Никто не мог сравниться в этом с Аминой; никто никогда не прилагал столько усилий к чему бы то ни было. Темнокожая, с блестящими глазами, моя мать от природы была самой дотошной женщиной на земле. Она прилежно расставляла цветы в коридорах и комнатах своего дома в Старом Дели; ковры выбирались с бесконечным тщанием. Она могла потратить двадцать пять минут, переставляя туда-сюда кресло. Когда она закончила устройство дома, добавив несколько штрихов здесь, изменив кое-какие детали там, Ахмед Синай обнаружил, что его сиротское жилище преобразилось, исполнившись нежности и любви. Амина вставала раньше него, прилежание заставляло ее стирать пыль отовсюду, даже с бамбуковых штор (пока он не согласился употреблять для этой работы хамала[37]); но Ахмед так и не узнал, что самым самоотверженным, самым решительным образом жена прилагала свои таланты не к внешней стороне их жизни, а к нему самому, Ахмеду Синаю.
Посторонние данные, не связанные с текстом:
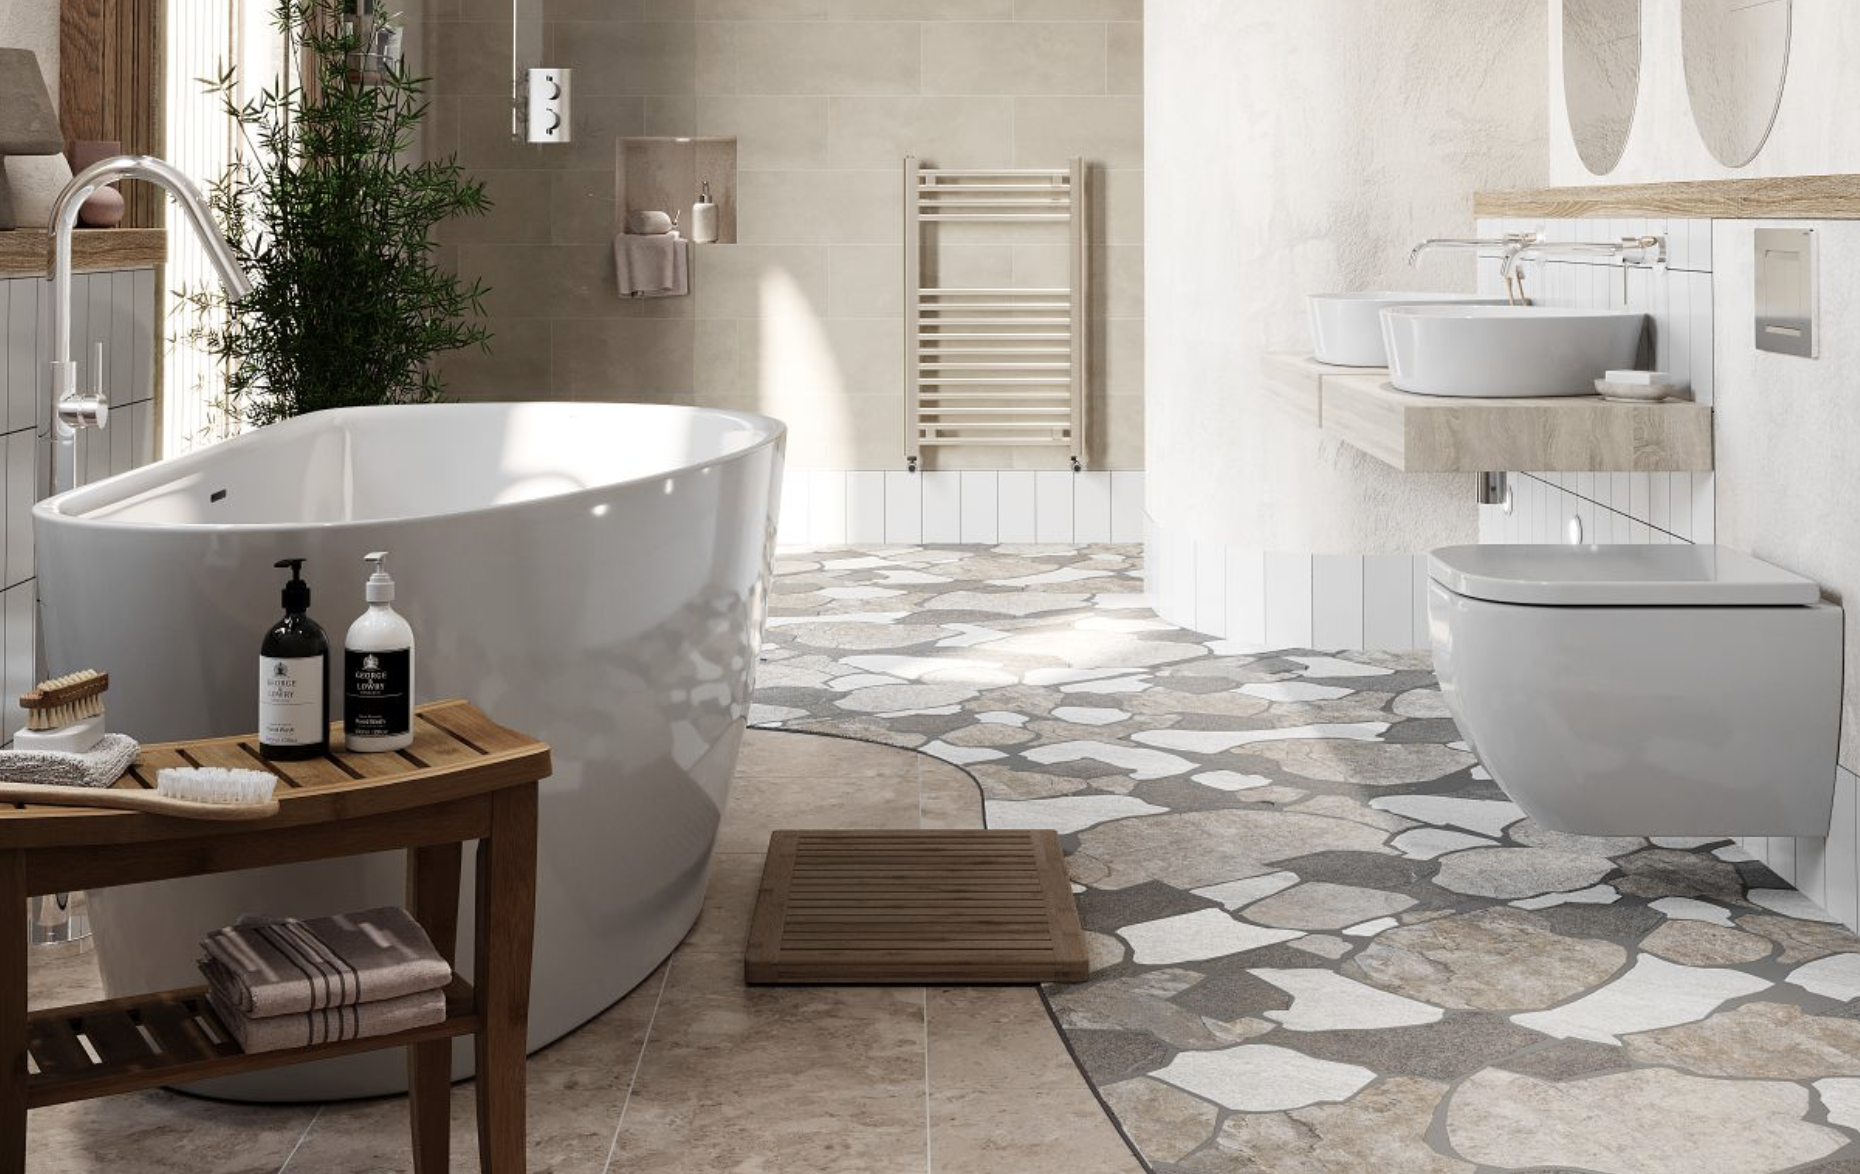 Bathroom retailer launches UK first bespoke design and installation service

Зачем она вышла замуж? Чтобы утешиться, чтобы иметь детей. Но первые бессонные ночи, от которых шумело в голове, отодвигали главную цель в неопределенное будущее, да и дети не всегда появляются сразу. А потому Амина стала видеть во сне и наяву лицо поэта, которого должна была изгнать из своих мыслей, и просыпалась, шепча имя, которое запрещено было произносить. Вы спросите: как она с этим справлялась? Я отвечу: стискивала зубы и упорно боролась с собой. Вот что она твердила себе: «Неблагодарная дура, или ты не видишь, кто теперь твой муж? Или не знаешь, как положено относиться к мужу?» Чтобы избежать бесплодных споров по поводу того, как следует отвечать на эти вопросы, скажу сразу, что, по мнению моей матери, женщина должна хранить нерушимую верность супругу и любить его беззаветно, от всего сердца. Но трудность состояла вот в чем: Амина, чья голова была отуманена Надир Ханом и бессонницей, не могла со всей искренностью предоставить Ахмеду Синаю эти две вещи. И, призвав на помощь свой дар прилежания, она стала приучать себя к тому, чтобы любить мужа. Для этого она мысленно разделила его на составляющие, имея в виду как телесный его облик, так и привычки, каталогизируя в уме и раскладывая по ящичкам очертание губ, любимые словечки, предрассудки и предпочтения… короче говоря, и на нее простерлась власть продырявленной простыни, что висела между ее родителями, ибо она решила влюбиться в мужа по частям.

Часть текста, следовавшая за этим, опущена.